Britain’s non-dom status, which essentially limits UK tax to money earned in the country, is a popular choice for Bailey’s clients, he says. The clincher for one Canadian client, an important fabric manufacturer in his home country, to buy a flat in Belgravia’s Eaton Square was memorably idiosyncratic, Bailey says. “It was beautifully designed by one of the top London developers, but he pulled a tuft of the carpet out and lit it on fire. He said ‘This is a really good quality carpet.’”
But the tax status is under threat. Labour leader Sir Keir Starmer has pledged to get rid of non-dom status if elected and spend the money it raises on the NHS. Bailey says he has seen little impact on his business so far, though. “There hasn’t been an exodus yet as the feeling is it won’t be as draconian as we might fear,” he adds.
Low taxes, the relatively low cost of prime property and the low crime rate have long drawn wealthy buyers to Dubai — an appeal that, since the invasion of Ukraine, has only been boosted in some quarters by the fact that the UAE has not imposed sanctions on Russia.
One relocation agent has extensive experience helping expats adjust to Emirati life, assisting clients when purchasing a car, finding a maid or renting a home.
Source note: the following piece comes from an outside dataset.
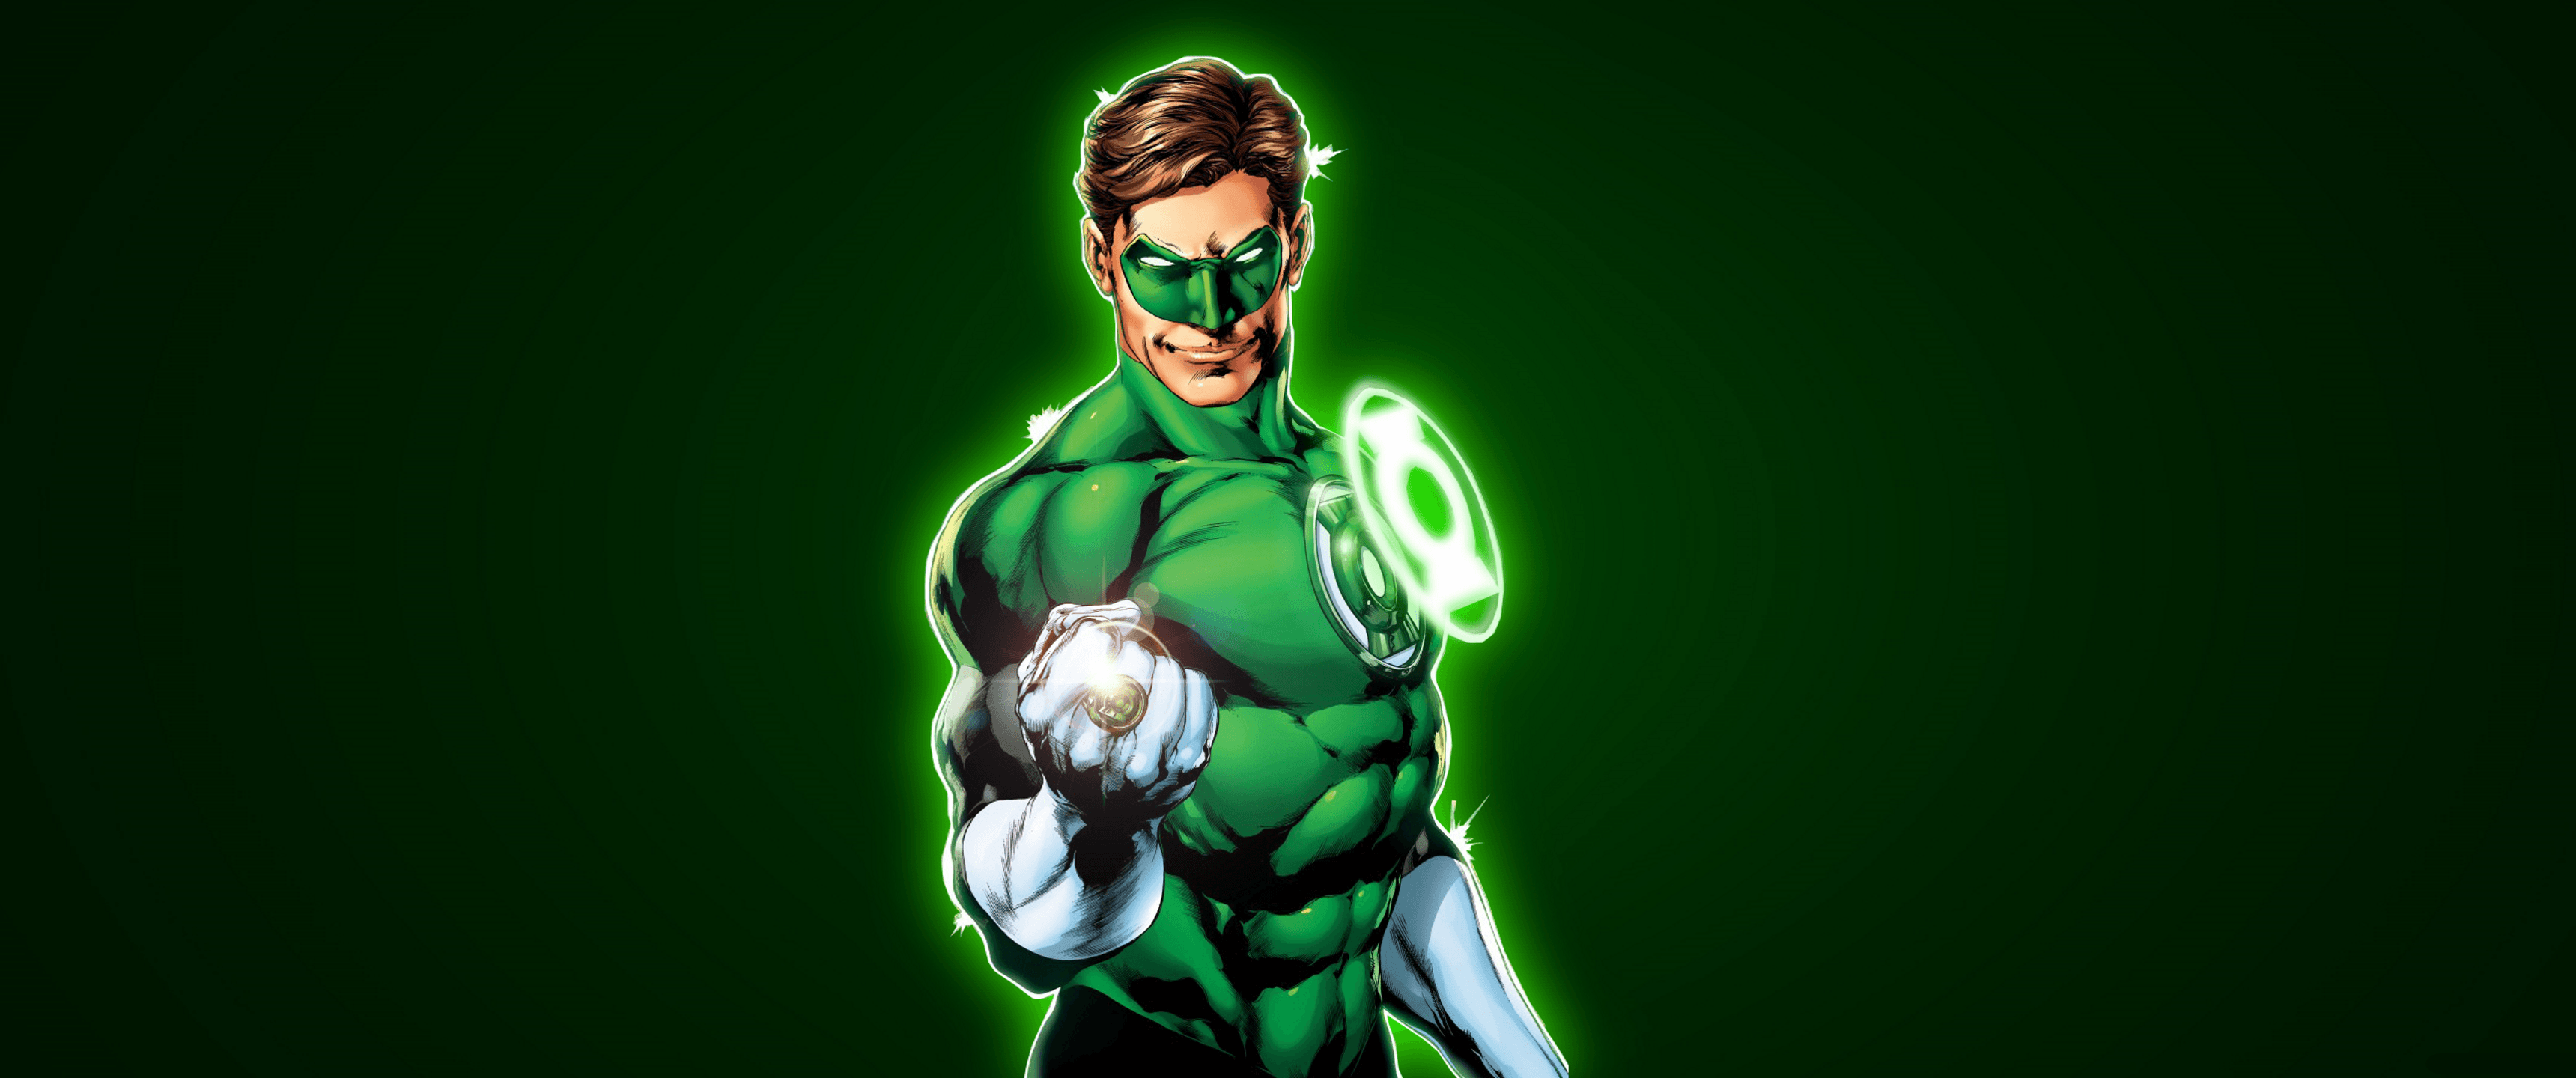 Green Lantern Full HD Wallpaper and Background Imagex1440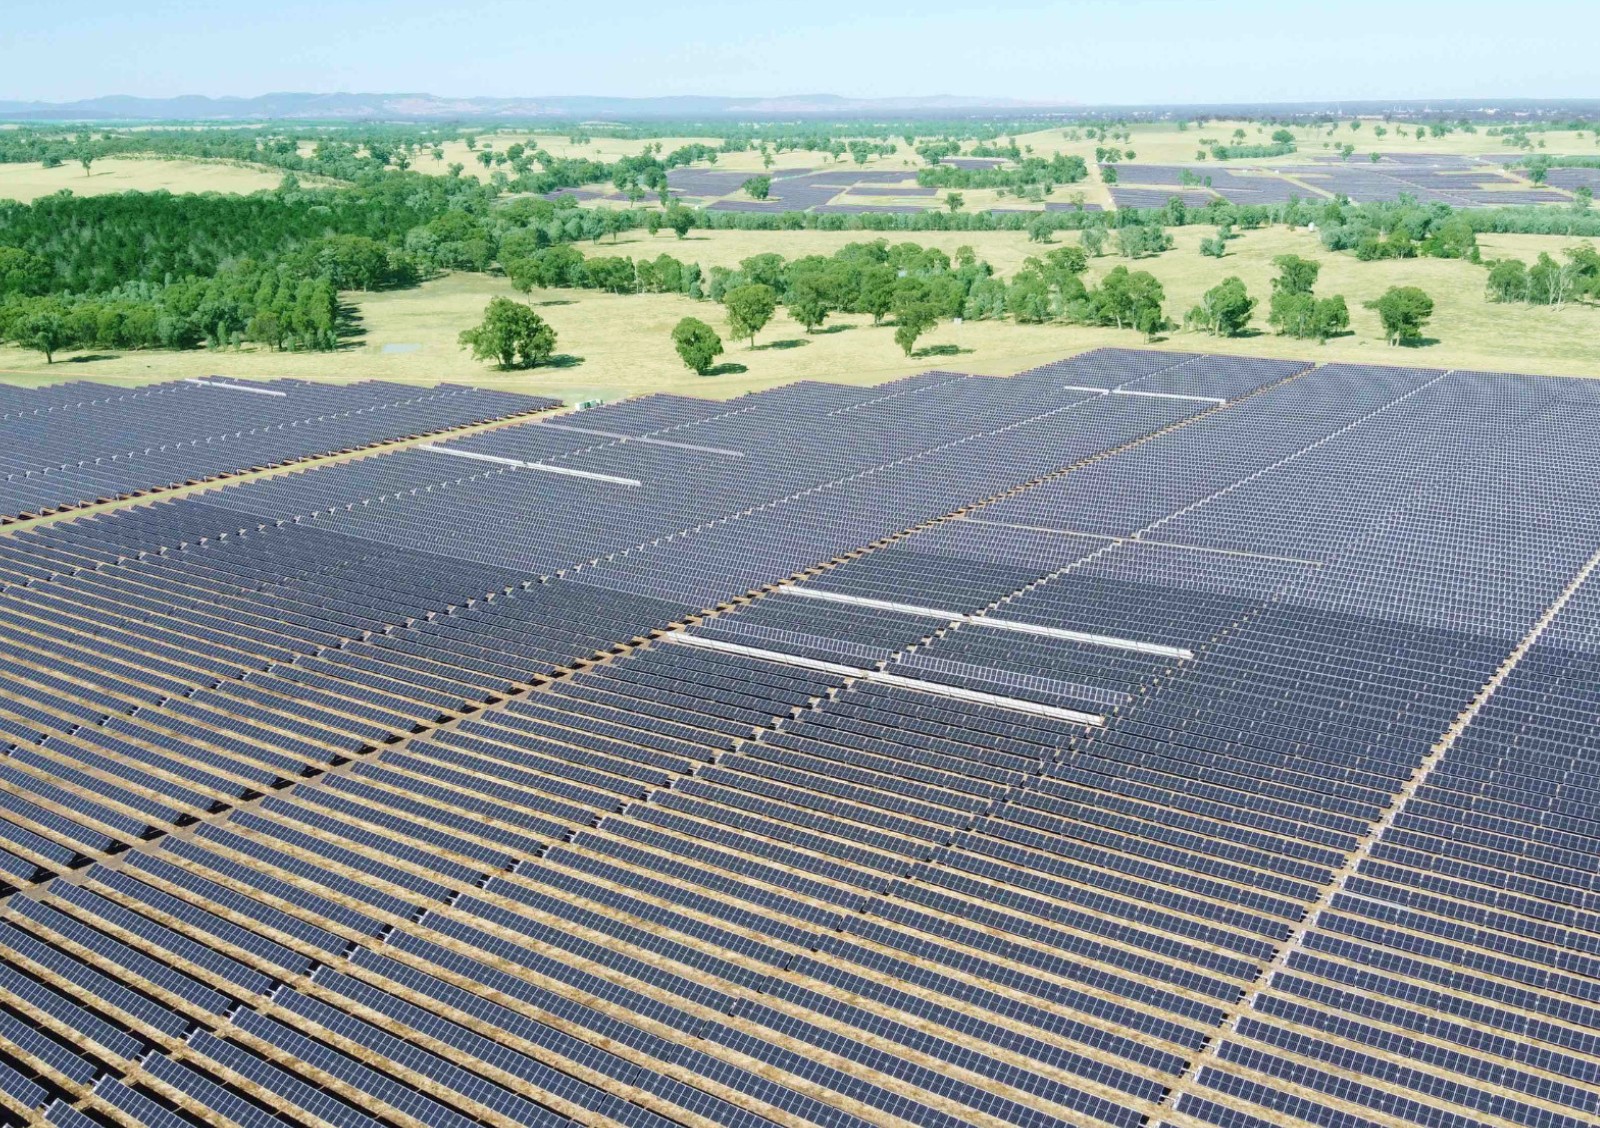 GLENROWAN – THE LARGEST PHOTOVOLTAIC PLANT FROM WIRTGEN INVEST SUCCESSFULLY CONNECTED IN AUSTRALIA.

Middle Eastern culture shock is commonplace, they say, so it is vital to focus on managing expectations from the very first briefing call with a new client — and explain how processes and procedures differ from the person’s home country.
For example, wealthy new arrivals might consider that splashing out on a house that costs Dh2mn (about £450,000) per year to rent would ensure a certain level of service and willingness from landlords to make changes or repairs quickly, but that’s not always the case.
Families arriving from the UK also need to understand the difference between hiring an au pair there and the maids that are more common in Dubai. The overhead may be lower — even the best-paid maids earn less than $1,000 per month — and childcare may be offered as part of the role, but they may not be specially trained.
Culture shock, of course, is what each of these consultants is aiming to offset and absorb. But perhaps the biggest issue isn’t centred on social mores or stress around staff; it’s squabbling over hierarchy in their new homeland.
“Very wealthy people expect very VIP treatment,” says Pierre Jéronimo with a wry laugh. “But the problem now is that there are a lot of VIPs.”